Documentation
Window Functions
Window functions are a special type of function that perform calculations on a set of rows that are related to the current row. Unlike regular aggregate functions, use of a window function does not cause rows to become grouped into a single output row — the rows retain their separate identities.
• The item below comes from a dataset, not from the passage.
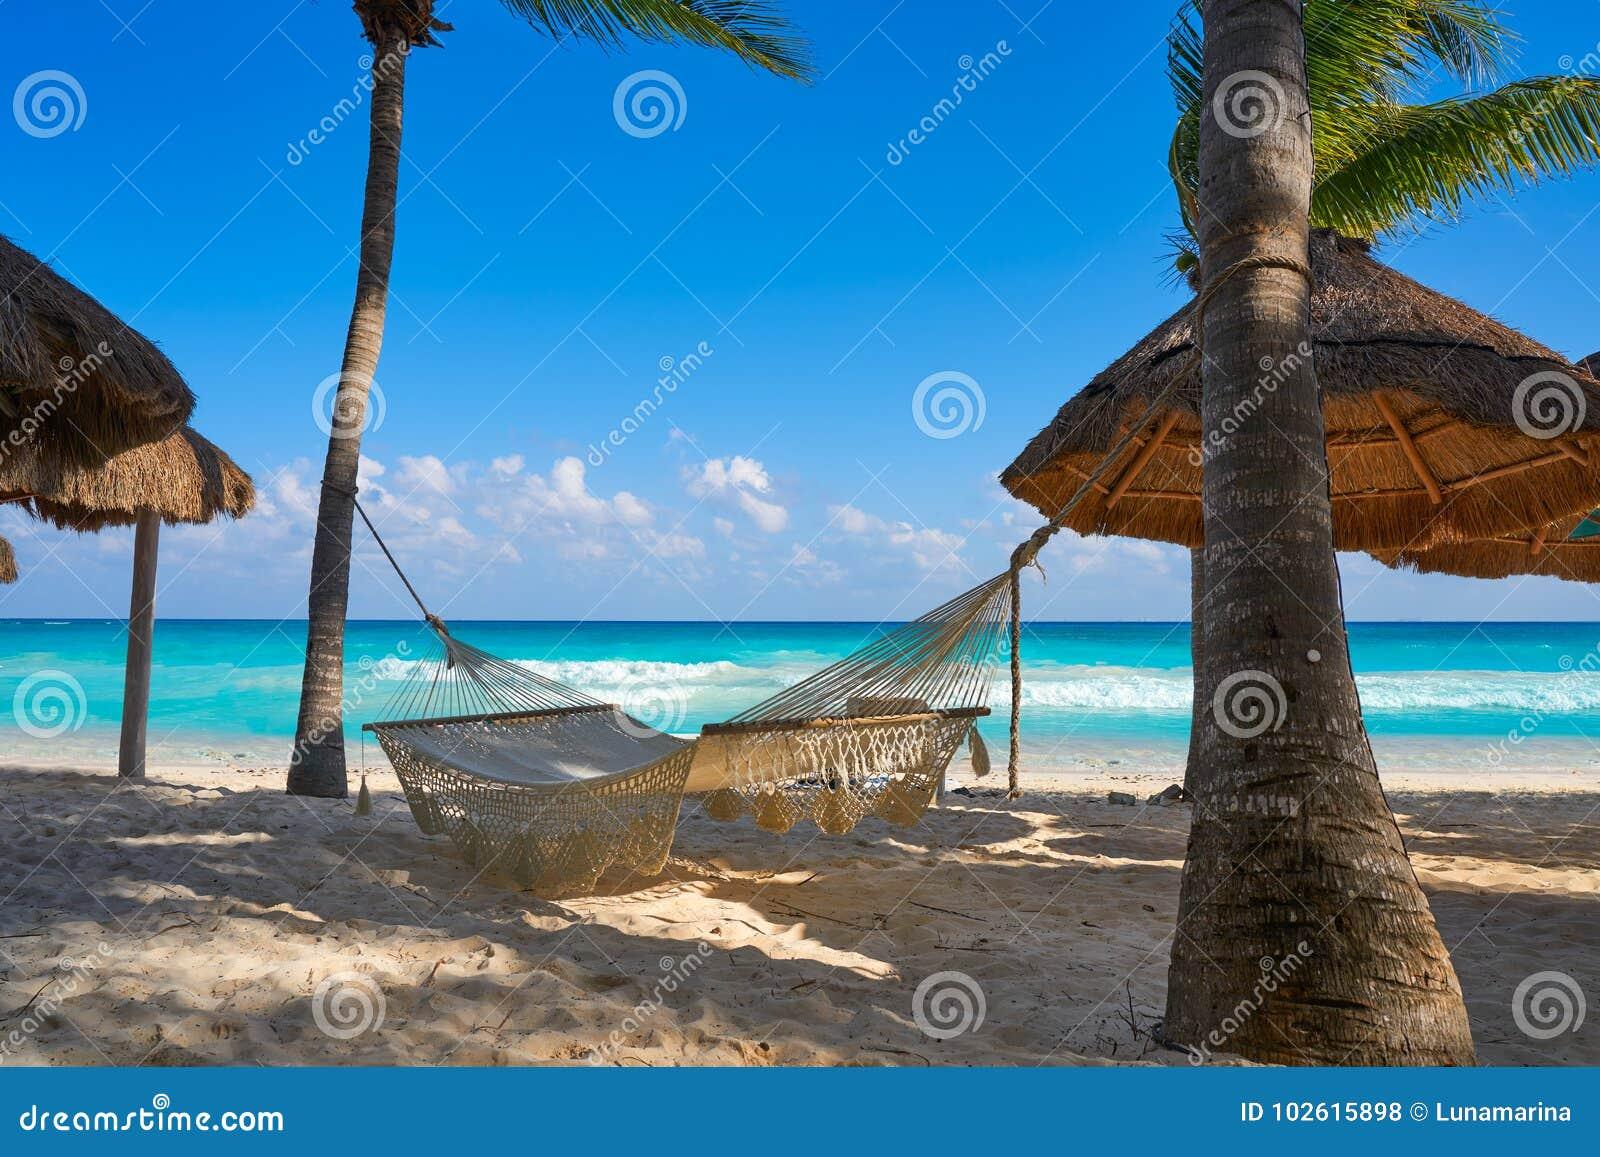 Playa del Carmenstrand in Riviera Maya

Behind the scenes, the window function is able to access more than just the current row of the query result.
To narrow window function to a specific set of rows, you need to use window
.
Window is used to partition dataset into smaller partitions on which later window function will be applied.
Window Functions:
All window functions are implementing WindowFunction
interface.
Example
data_frame()
->read(
from_array([
['id' => 1, 'name' => 'Greg', 'department' => 'IT', 'salary' => 6000],
['id' => 2, 'name' => 'Michal', 'department' => 'IT', 'salary' => 5000],
['id' => 3, 'name' => 'Tomas', 'department' => 'Finances', 'salary' => 11_000],
['id' => 4, 'name' => 'John', 'department' => 'Finances', 'salary' => 9000],
['id' => 5, 'name' => 'Jane', 'department' => 'Finances', 'salary' => 14_000],
['id' => 6, 'name' => 'Janet', 'department' => 'Finances', 'salary' => 4000],
])
)
->withEntry('rank', dense_rank()->over(window()->partitionBy(ref('department'))->orderBy(ref('salary')->desc())))
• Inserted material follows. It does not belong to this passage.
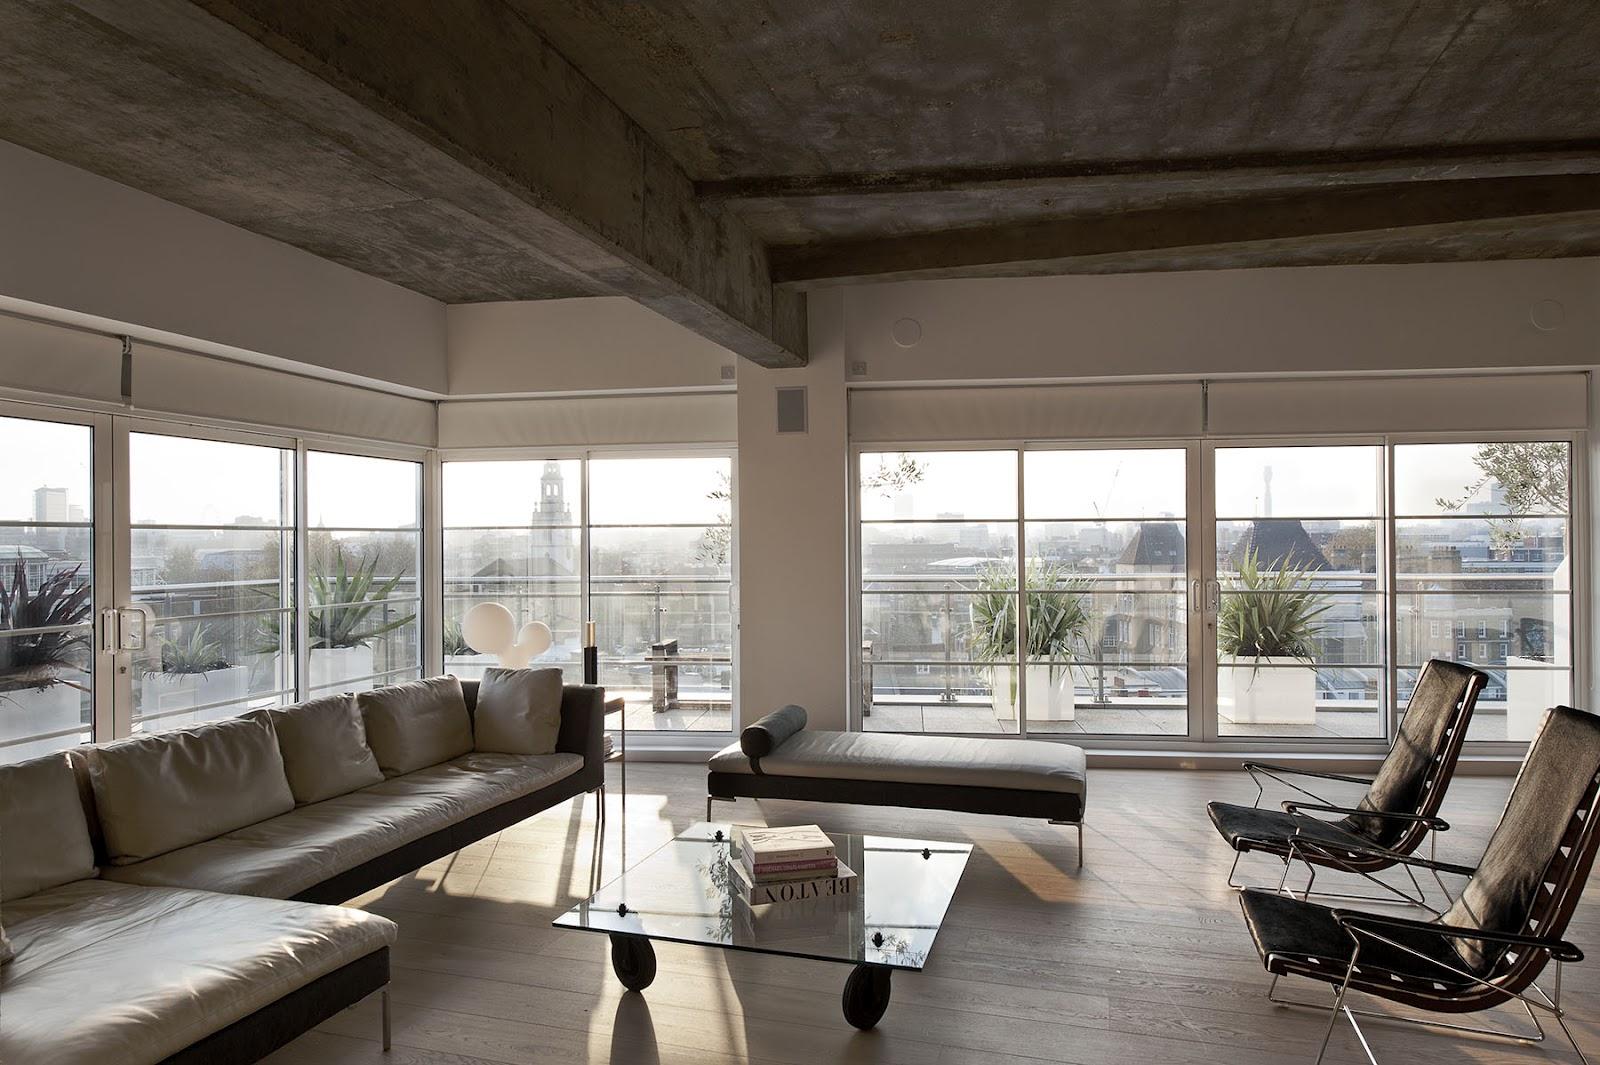 New Home Design: Outtakes: William Tozer's London loft

->sortBy(ref('department'), ref('rank'))
->write(to_output(false))
->run();
Output:
+----+-------+------------+--------+------+
| id | name | department | salary | rank |
+----+-------+------------+--------+------+
| 5 | Jane | Finances | 14000 | 1 |
| 3 | Tomas | Finances | 11000 | 2 |
| 4 | John | Finances | 9000 | 3 |
| 6 | Janet | Finances | 4000 | 4 |
+----+-------+------------+--------+------+
4 rows
+----+--------+------------+--------+------+
| id | name | department | salary | rank |
+----+--------+------------+--------+------+
| 1 | Greg | IT | 6000 | 1 |
| 2 | Michal | IT | 5000 | 2 |
+----+--------+------------+--------+------+
2 rows